◆ Exercise ◆
Write out the data word for word, taking care that no picture is carried over.
--- Collected material Enclosed Below ---
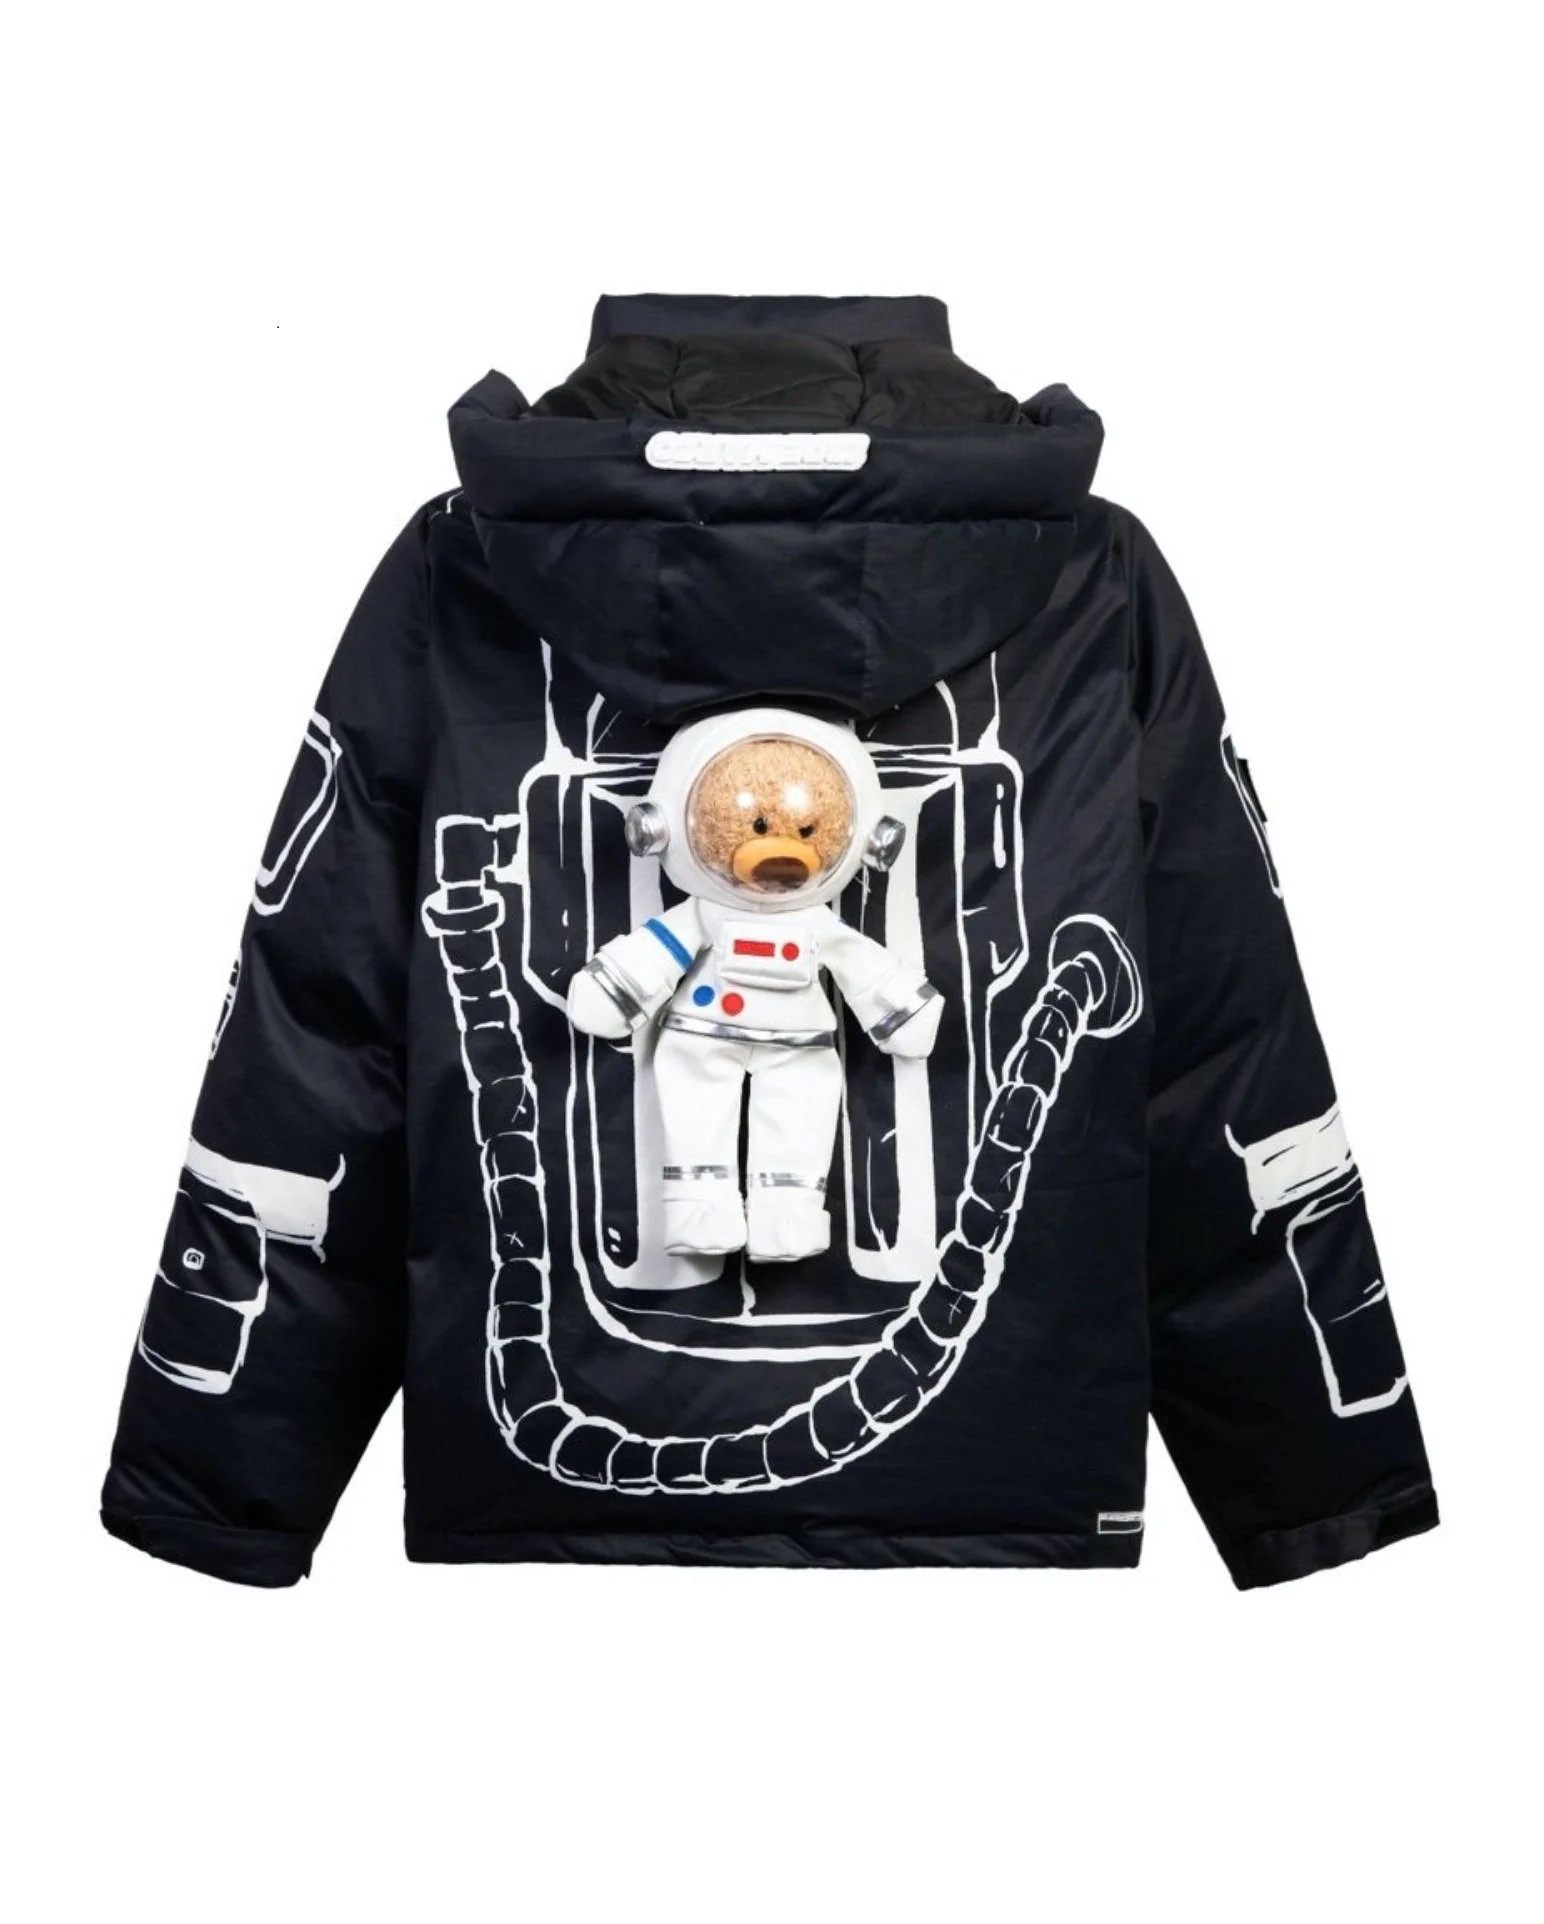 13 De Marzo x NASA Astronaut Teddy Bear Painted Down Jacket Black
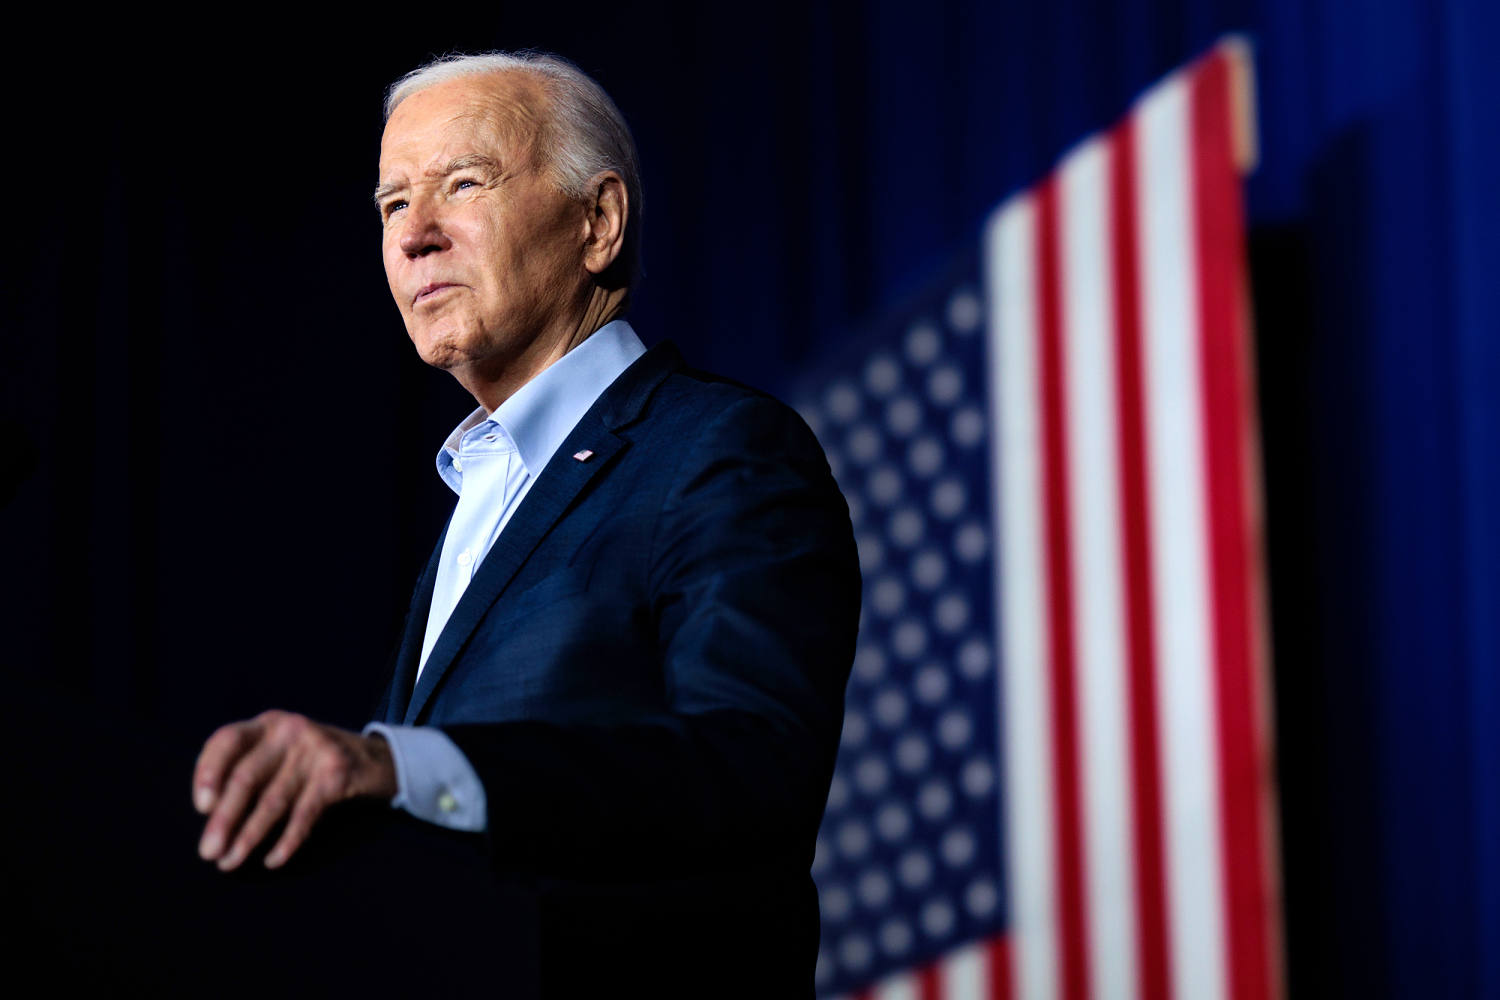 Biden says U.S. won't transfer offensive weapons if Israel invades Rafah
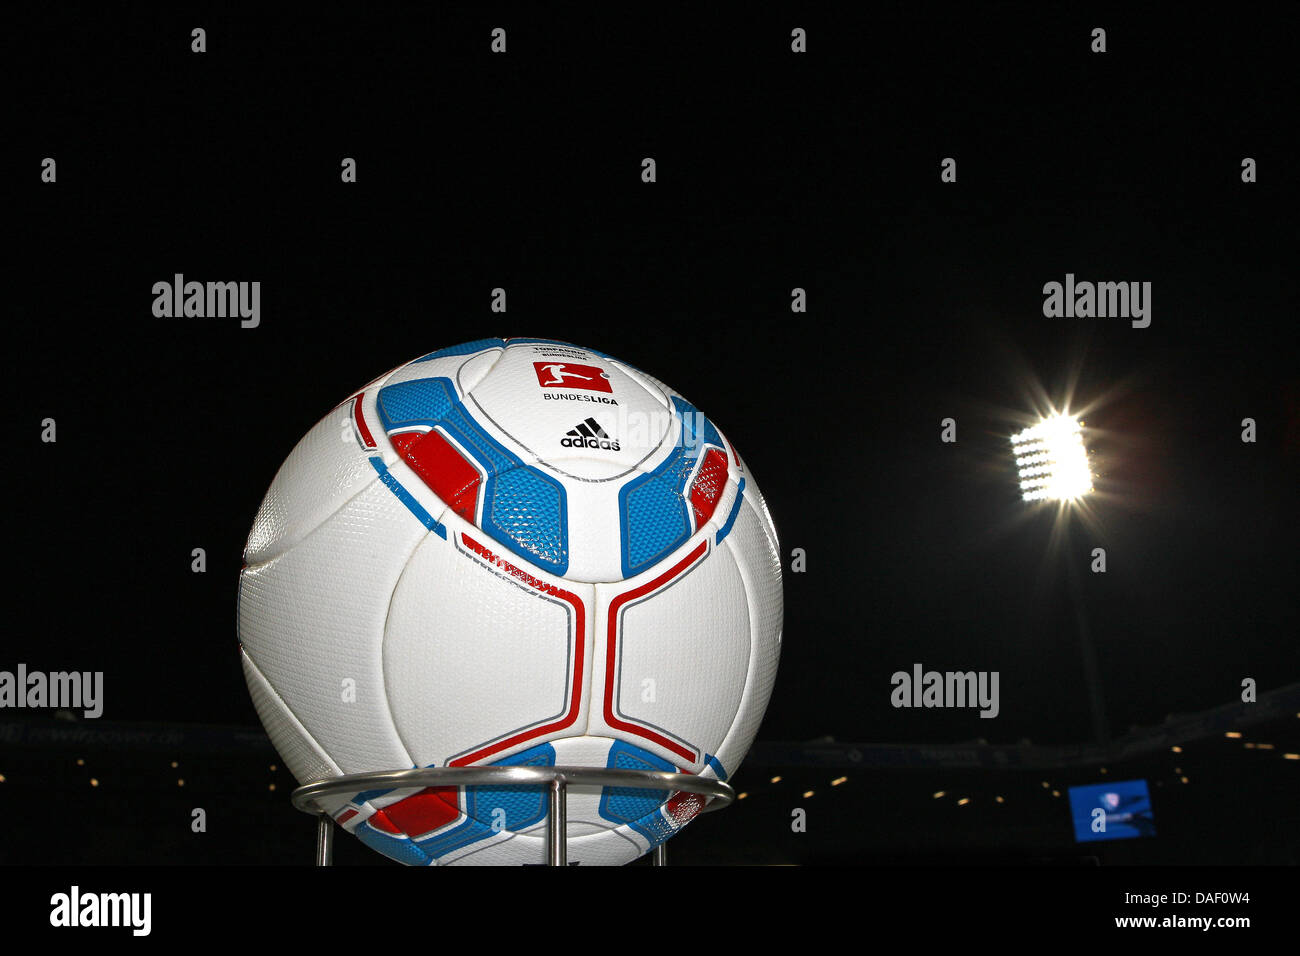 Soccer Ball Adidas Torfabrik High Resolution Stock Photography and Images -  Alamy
--- End of Enclosed Collected material ---
◆ The answer ◆
 13 De Marzo x NASA Astronaut Teddy Bear Painted Down Jacket Black
 Biden says U.S. won't transfer offensive weapons if Israel invades Rafah
 Soccer Ball Adidas Torfabrik High Resolution Stock Photography and Images -  Alamy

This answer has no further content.